Attention without tension is needed in order to learn and remember things effectively. According to law of mass effect the amount we remember is strongly correlated with the amount of time we spend learning. Just as with studying, we cannot expect to learn and remember things unless we put in time.

fawad-aly-shahThe amount we remember is also affected by our mood and in particular by our level of anxiety. If our mind is full of worries, it is very difficult to learn and remember. In order to learn most effectively and remember things easily, we need to be able to concentrate without being anxious.

Four aspects of organization can help us to improve our memory. These aspects are Chunking, Using Cues, Relating and Crating Sense.

Chunking: – In order to remember a great deal of information, it is best to break it into small chunks of about seven items. We use chunking on daily bases, for example doing shopping. Suppose that you have fifty items to buy. We classified the items into smaller chunks by the type of shop or section of departmental store.

Using Cues: – The shopping also demonstrates the value of using cues. We look around at store, at different kinds of fruit or other things. Using them as a cue to remind us what we want to buy. We can provide internal cues for ourselves also. If we know that we want three things for packed lunches and we have only bought two, we most should be three things serves as a cue.

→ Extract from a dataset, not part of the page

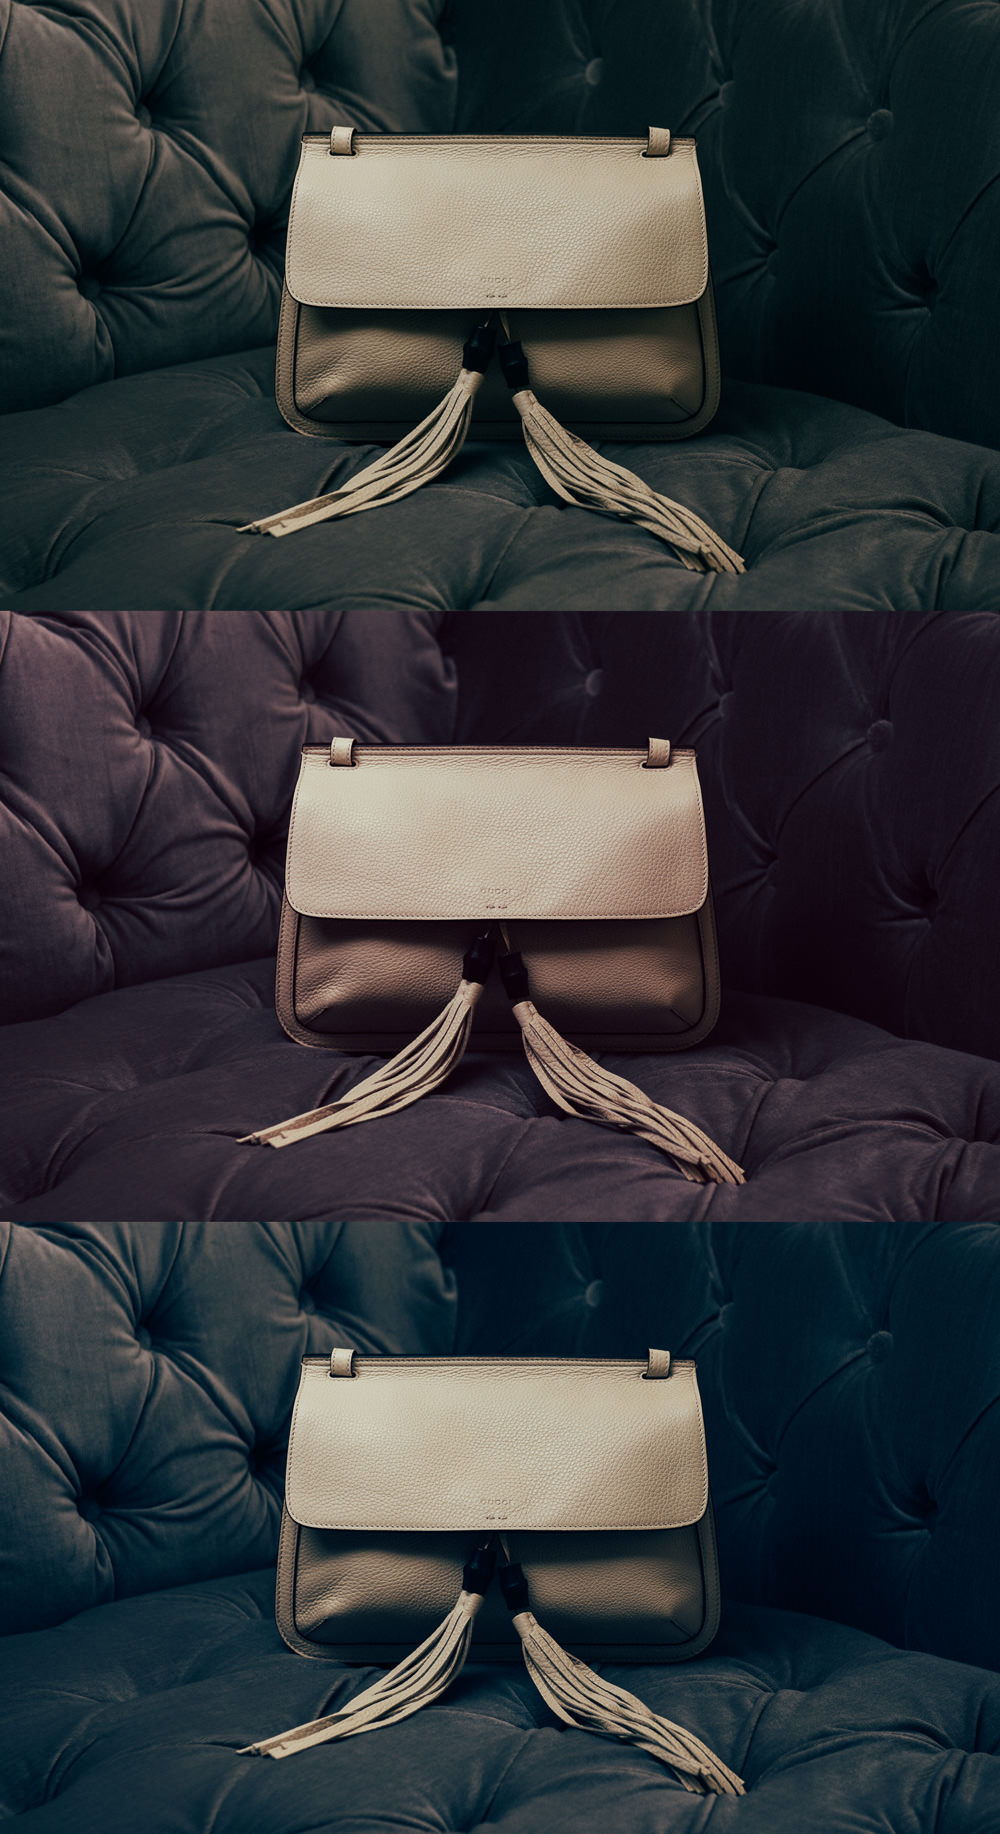 Gucci Bamboo Daily Shoulder Bag. $1,890 via Gucci.

Relating:- By relating we can structure the material to be learned in a way that will make it easier to remember that the French word for cheese is like the English word, but not like the Spanish one. Relate new bits of information to other things you already know, or to each other. What you already know can be use learn, we are setting up an exciting learning spiral which will increase more and more rapidly.

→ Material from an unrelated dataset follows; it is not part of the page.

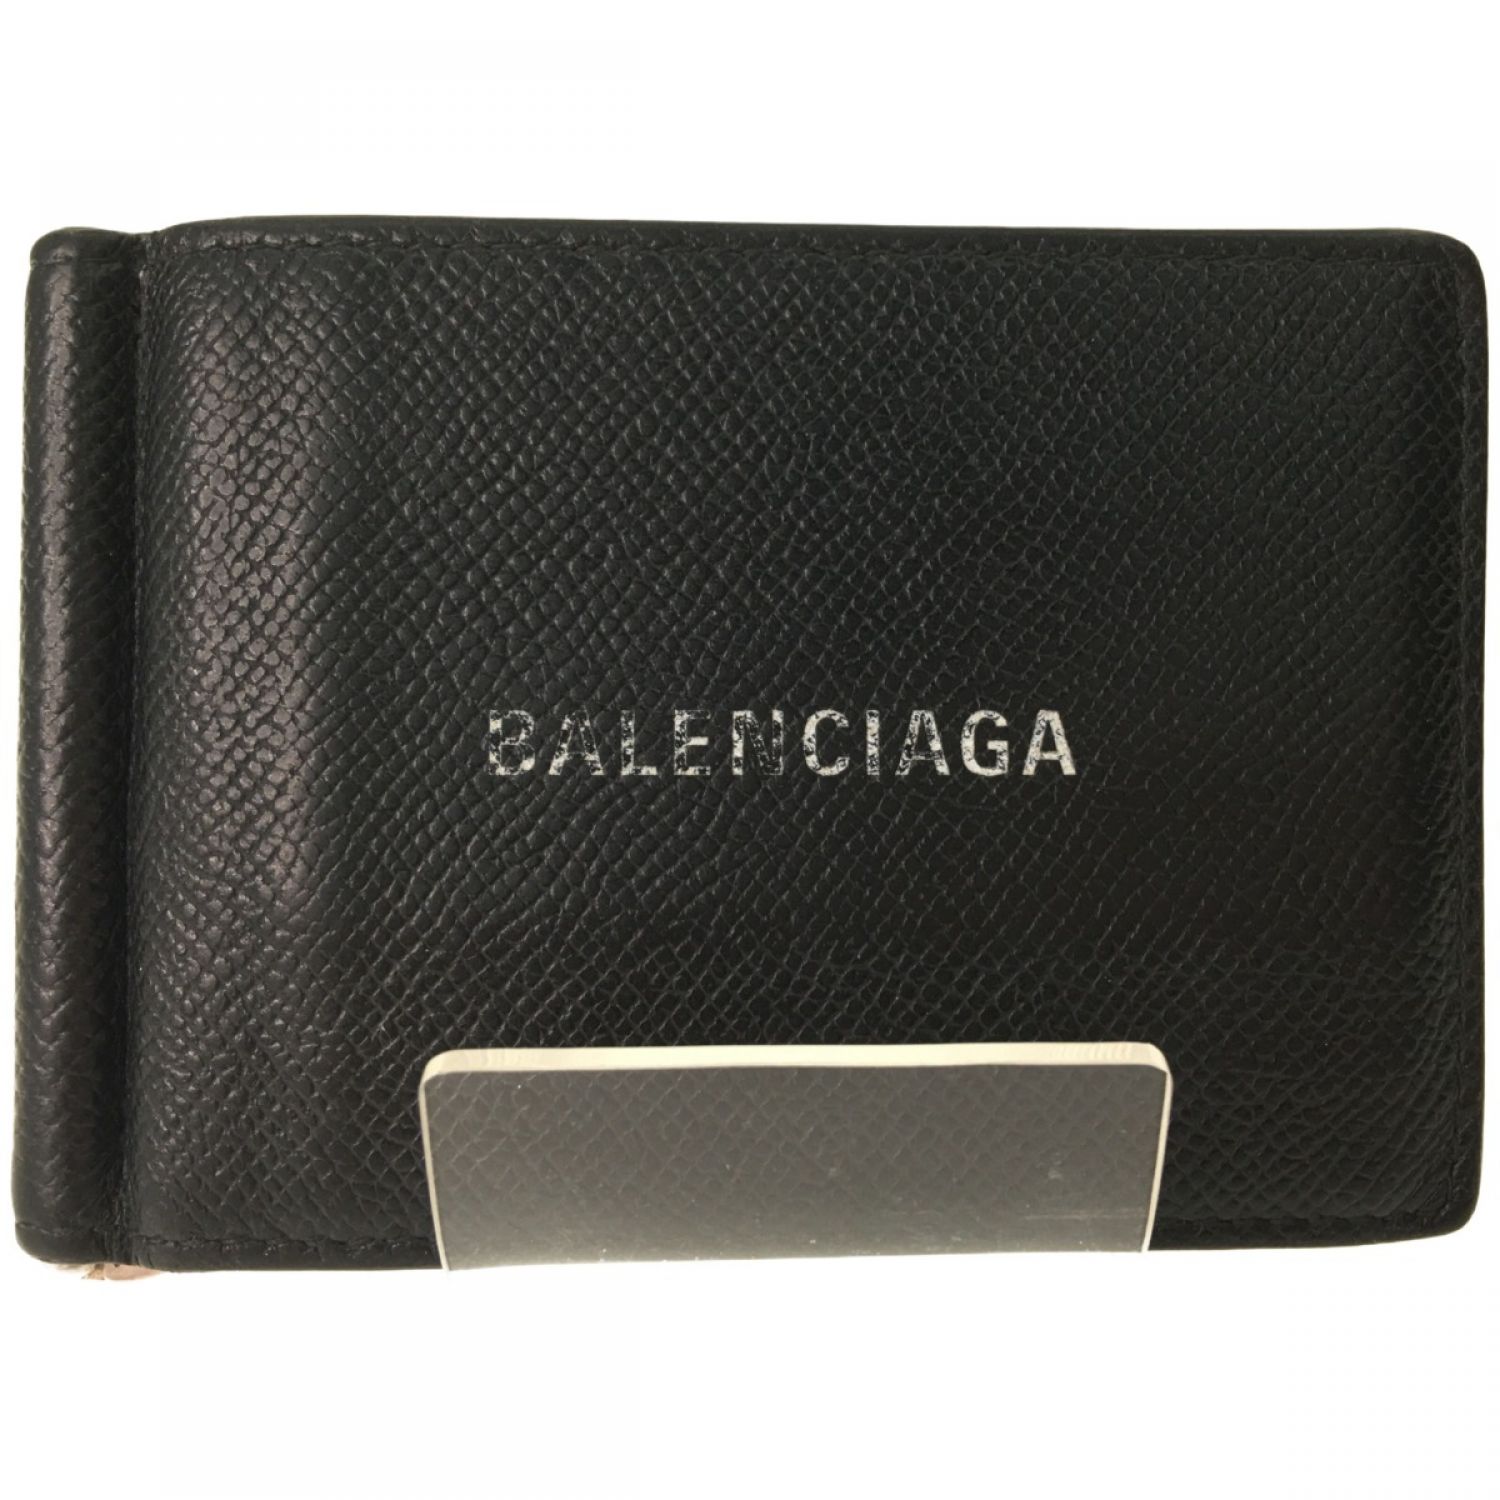 バレンシアガ Balenciaga マネークリップ 二つ折り財布 メンズ www

Creating Sense:- It is much easier to learn and remember something that is meaningful than it is to learn something that makes little sense to you meaning can be given in many way, like by relating what is to be learned to our previous experience and knowledge. It is also done by understanding the relationship between the different elements of what we are learning.

Unlike a computer, we rarely remember something we have learned just once. We tend to forget what we have just learned unless we rehearse and use the material or revise our learning.

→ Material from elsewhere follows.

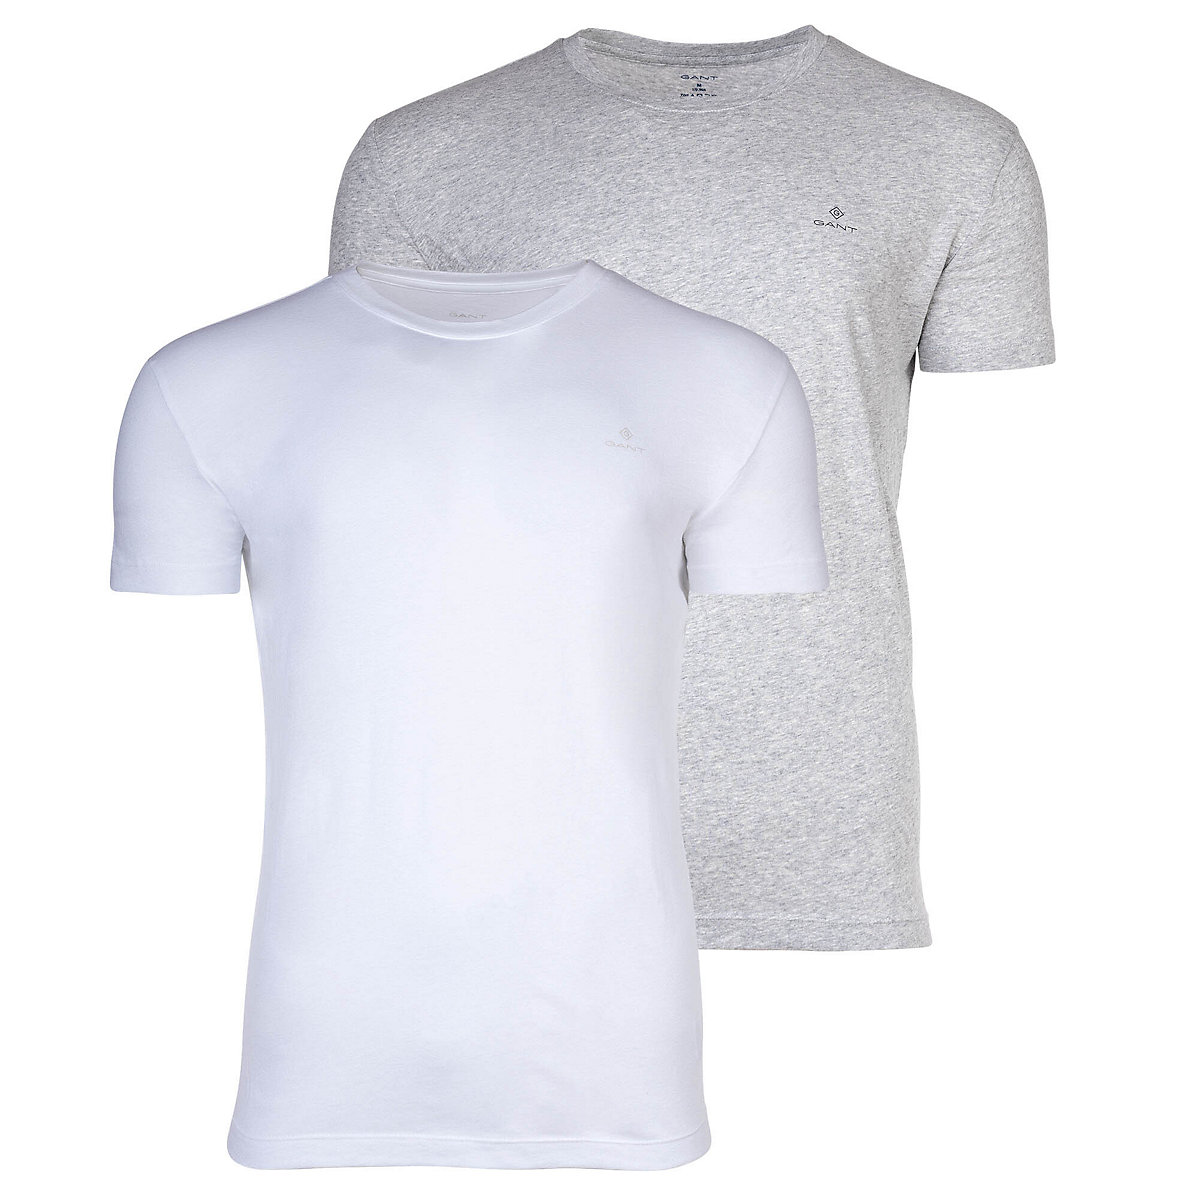 GANT Herren T-Shirt 2er Pack Rundhals Crew Neck kurzarm Baumwolle T-Shirts grau/weiß

Flowing Graph Shows Our Tendency To Forget.

It turns out that the most efficient revision strategy is to revise very soon after the original learning and then to space out additional revision periods further and further apart.

This applies whether you are a student or whether a professional if you recite to yourself something you want to remember, you have to revise it and rehearse the information couple of times in order to lock it in your memory.

Following are the general strategies for improving our memory.

The more we make use of information, the more readily available it becomes: – If you are finding it hard to remember something you normally remember well, think of things associated with it. Imagine you have a many things to do at work, and the same time is trying to plan a speech for the next day. If you give yourself some of main headings or topics for your speech each on, you will prime the right categories in your mind, which may almost literally continue ticking. This works even better if you write down the title for the talk and note down briefly any ideas that came to you whenever you can.

Give your mind space to work in: – Suppose you are focusing on a major project, whether it is working out how to decorate the kitchen or how to put together an entirely new sales policy. Firstly, immense yourself in the project totally so that your mind can set to work on it, and then focus on particular aspects of it, but remember the closer you get, the harder it is to see the whole picture. In order to make most of your memory, you need to give your mind space to work in give yourself both focused work on a project and time away from it.

It is easier to recognize things than to recall them: – Although our memories seem to have an almost unlimited capacity, there is a bottleneck on the way in. so when you are in a confusing situation, tell yourself what to forget. You will remember best those things you pay attention to but if everything grabs your attention, your memory will be overloaded.

In net shell, for your memory to work well, you need to be able to forget things as well as remember them. The art of remembering well lied first in selecting what it is that you need to remember for your purpose, and then deciding what needs to be in your head or what can more usefully be stored in an external memory.